AIM OF THE EXERCISE: Look through the data below and output, unchanged, every line from the one holding "Huawei алюминиевые металлы" through the one holding "ALTOSY Women Real", inclusive. Skip the pictures.

MATERIALS PROVIDED:
┄┄┄┄┄┄┄┄┄┄┄┄┄┄┄┄┄┄┄┄

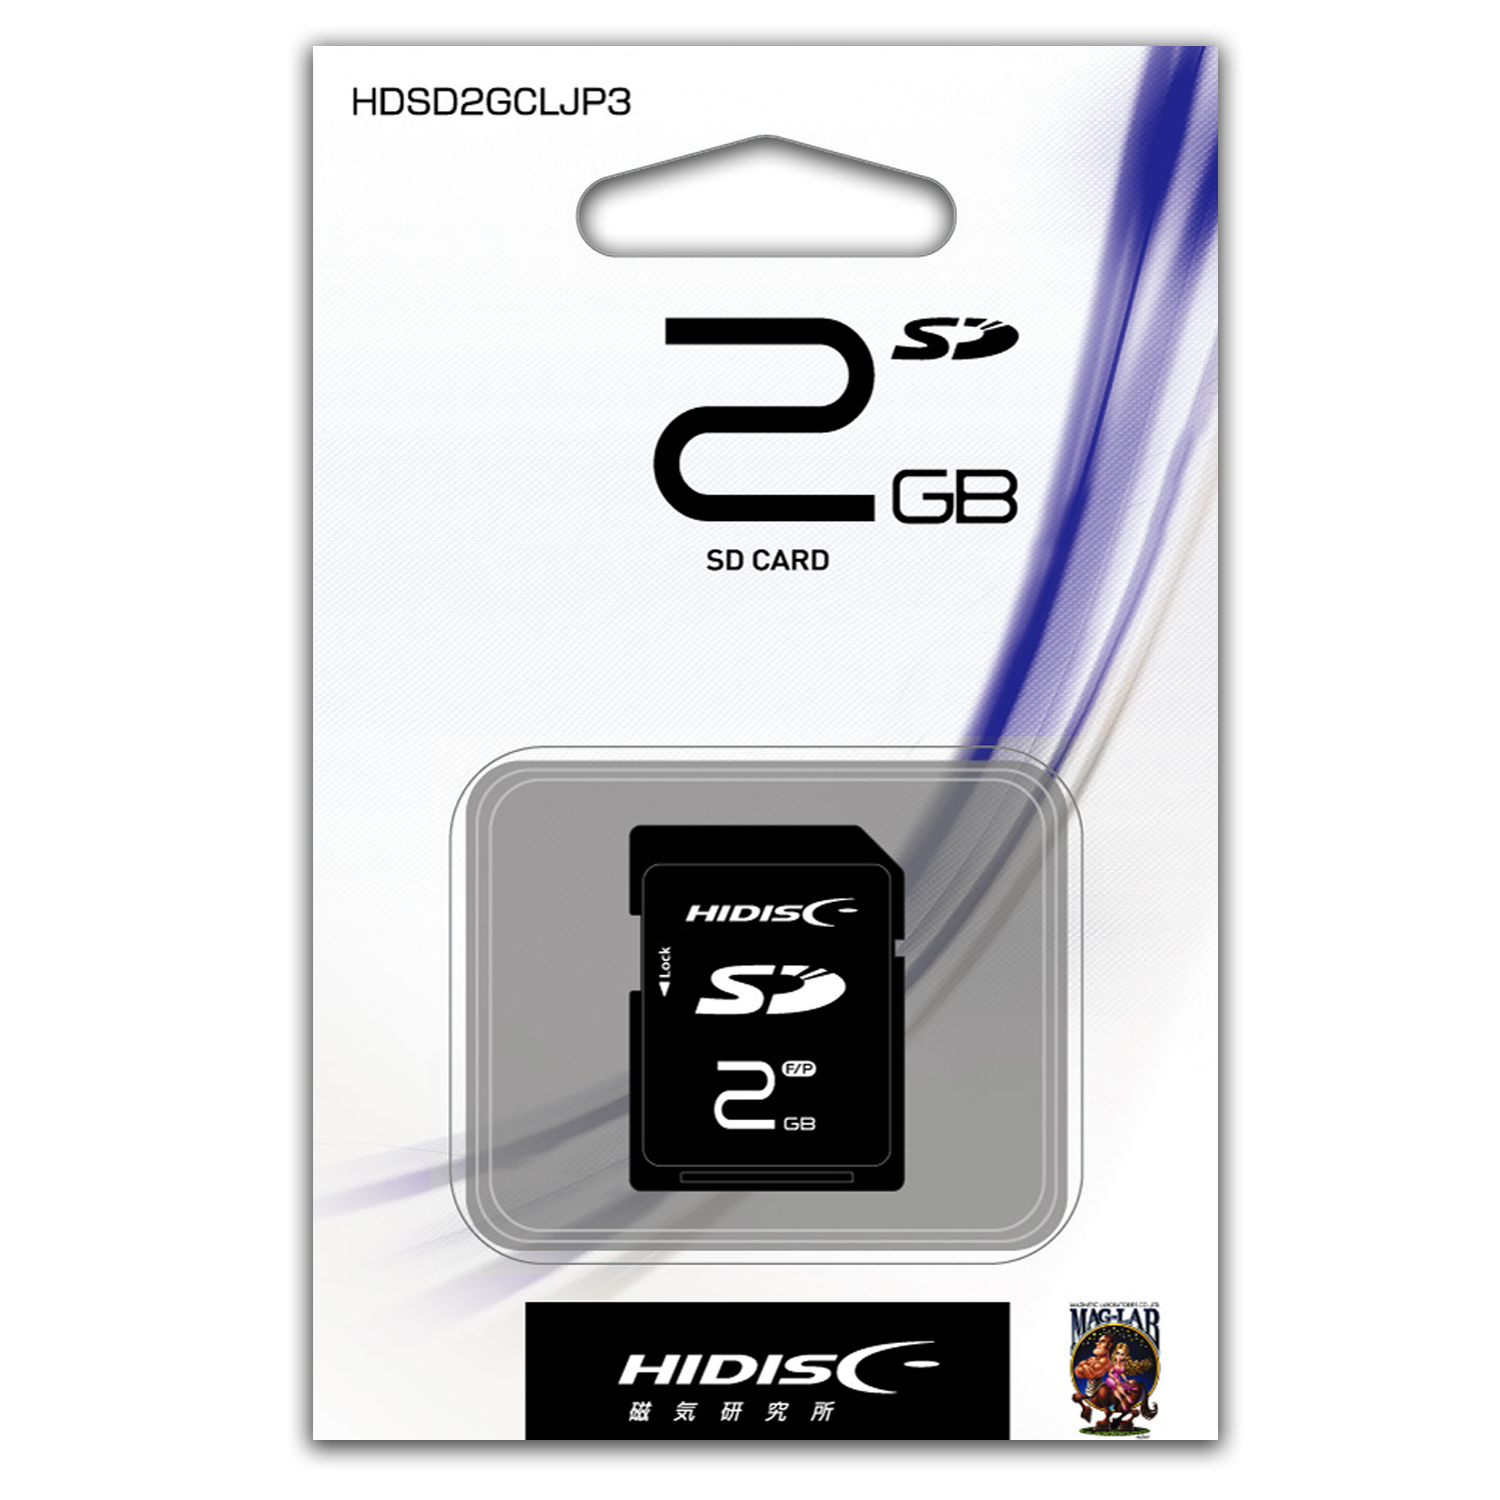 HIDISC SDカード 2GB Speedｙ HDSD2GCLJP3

┄┄┄┄┄┄┄┄┄┄┄┄┄┄┄┄┄┄┄┄

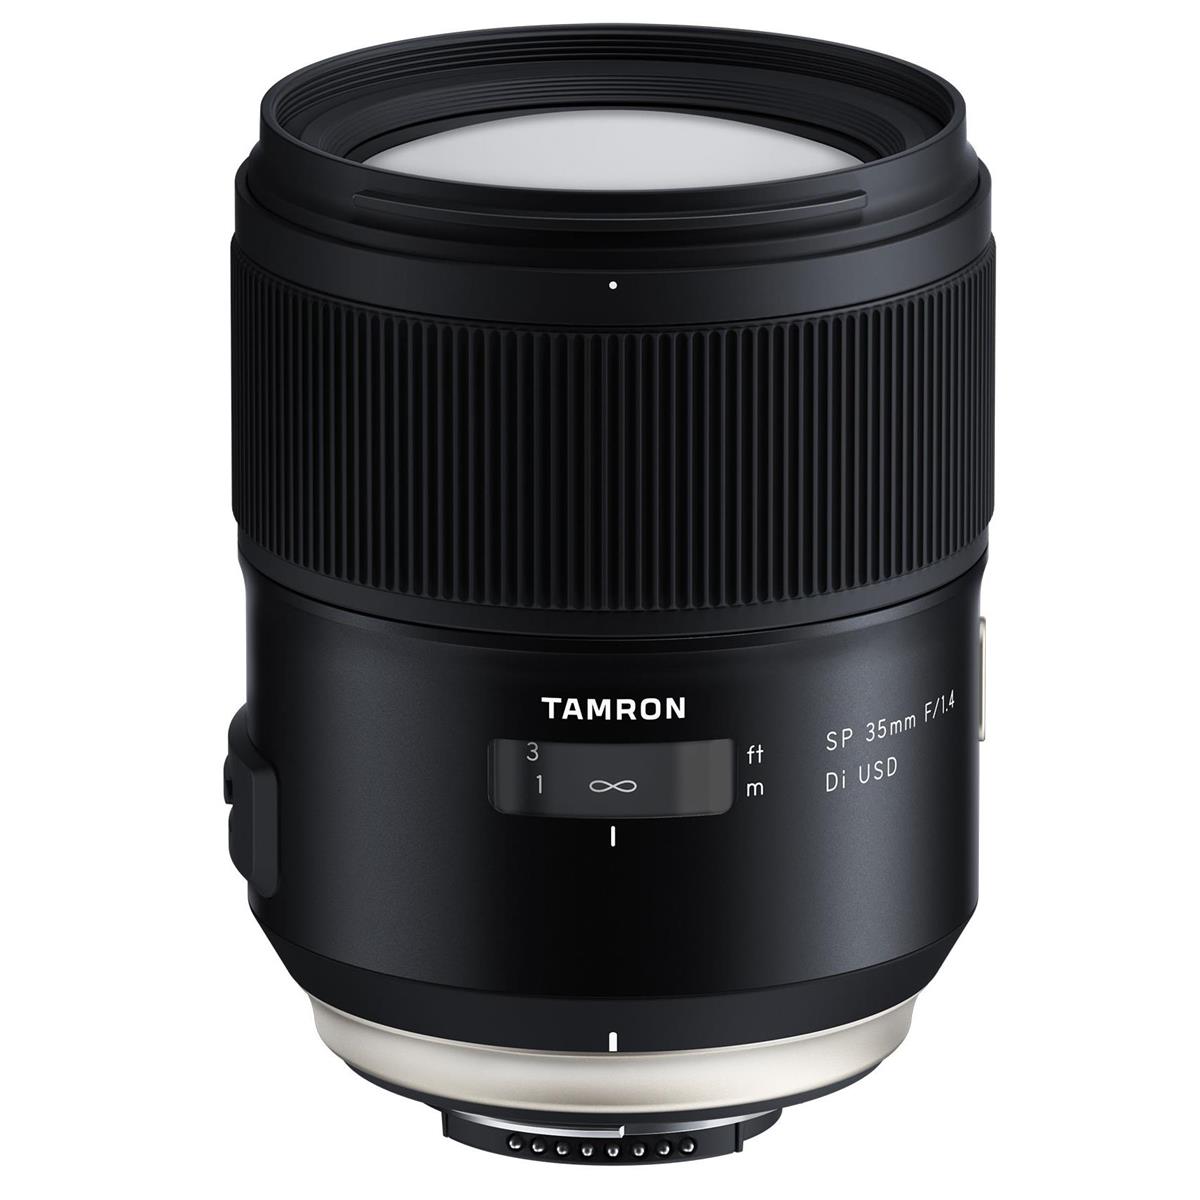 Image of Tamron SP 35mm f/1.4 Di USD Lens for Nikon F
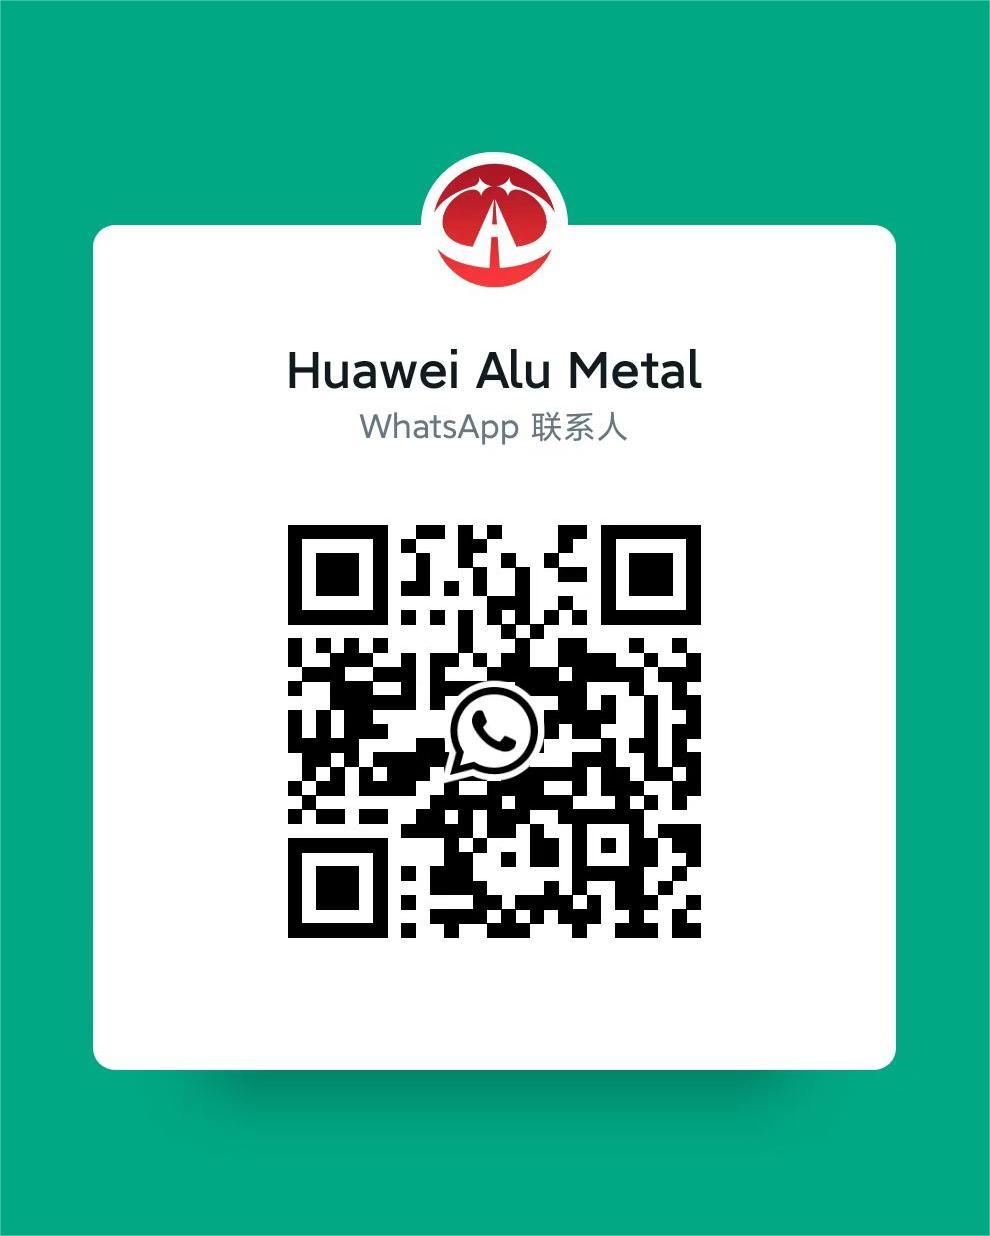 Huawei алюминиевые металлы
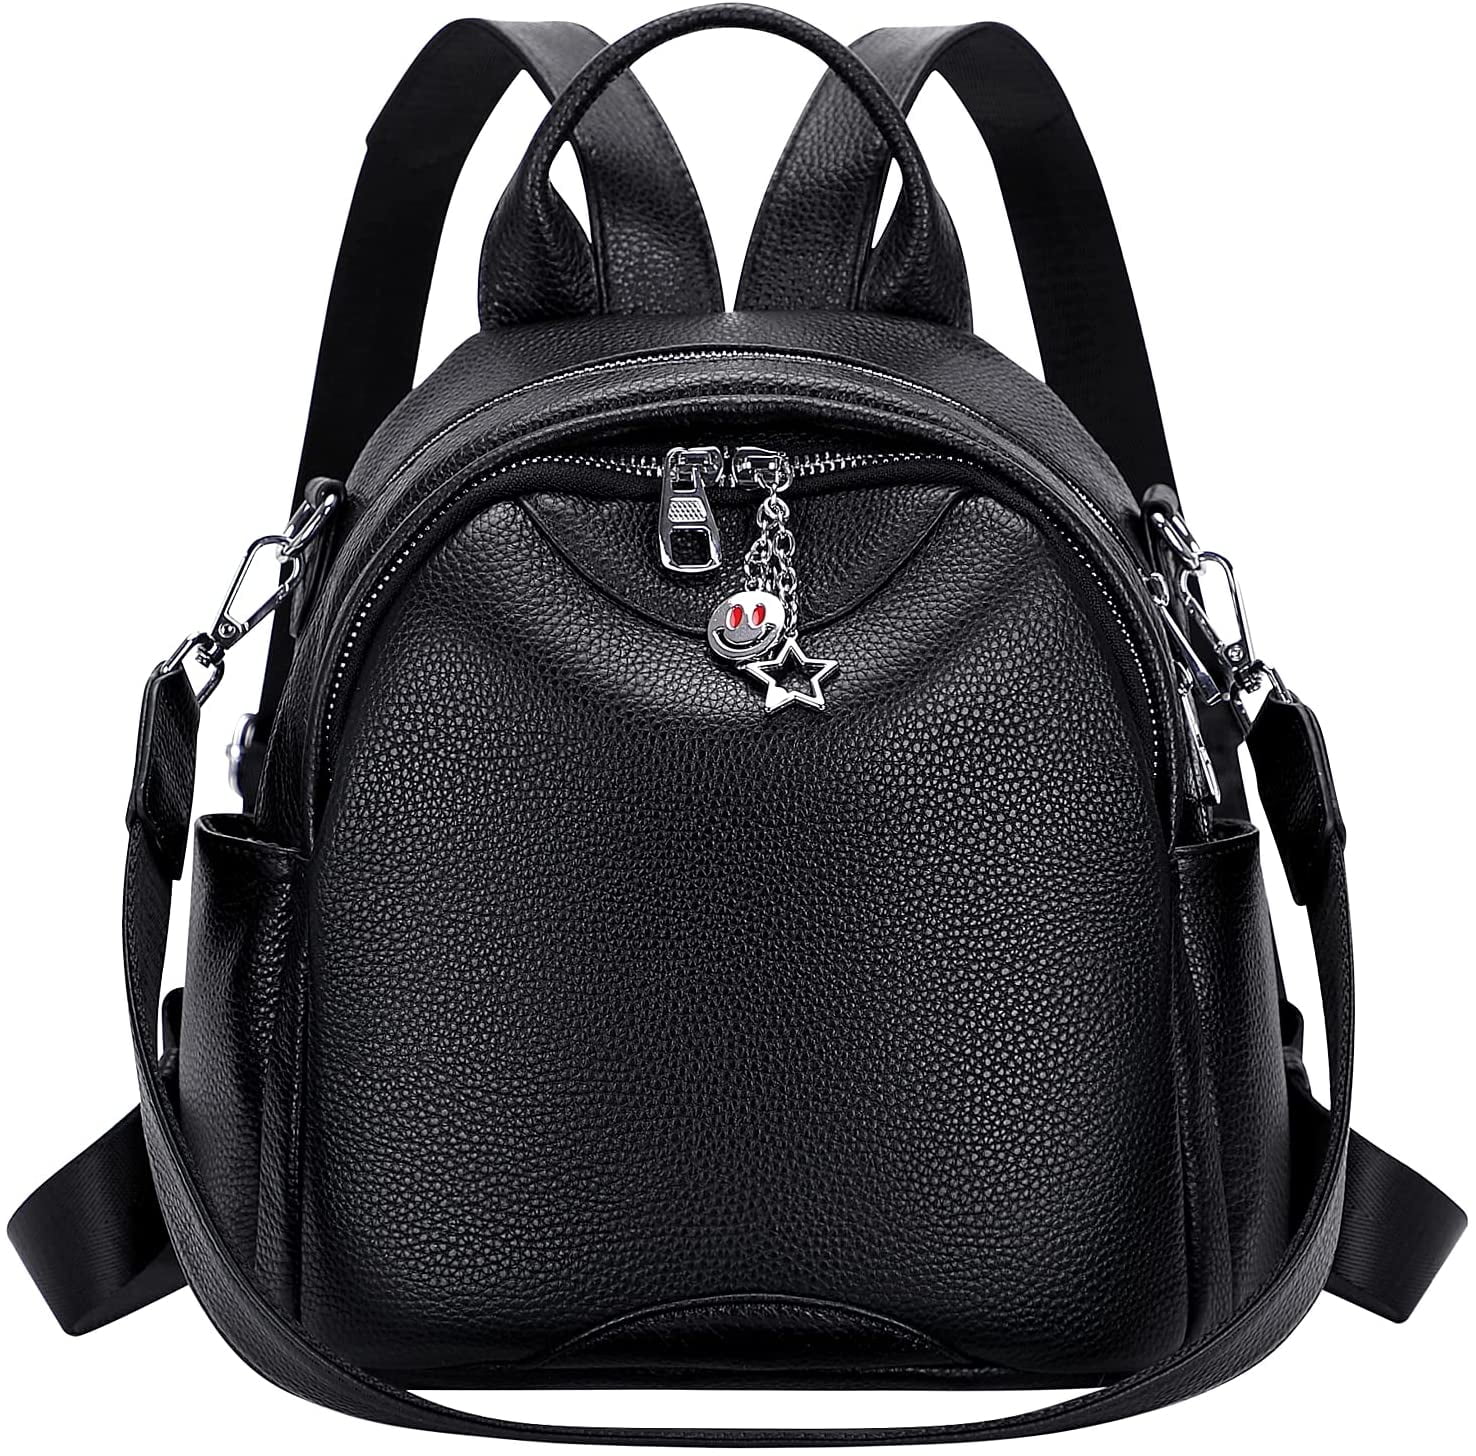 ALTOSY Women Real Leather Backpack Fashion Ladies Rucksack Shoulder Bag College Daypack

┄┄┄┄┄┄┄┄┄┄┄┄┄┄┄┄┄┄┄┄

REPLY TO THE EXERCISE:
 Huawei алюминиевые металлы
 ALTOSY Women Real Leather Backpack Fashion Ladies Rucksack Shoulder Bag College Daypack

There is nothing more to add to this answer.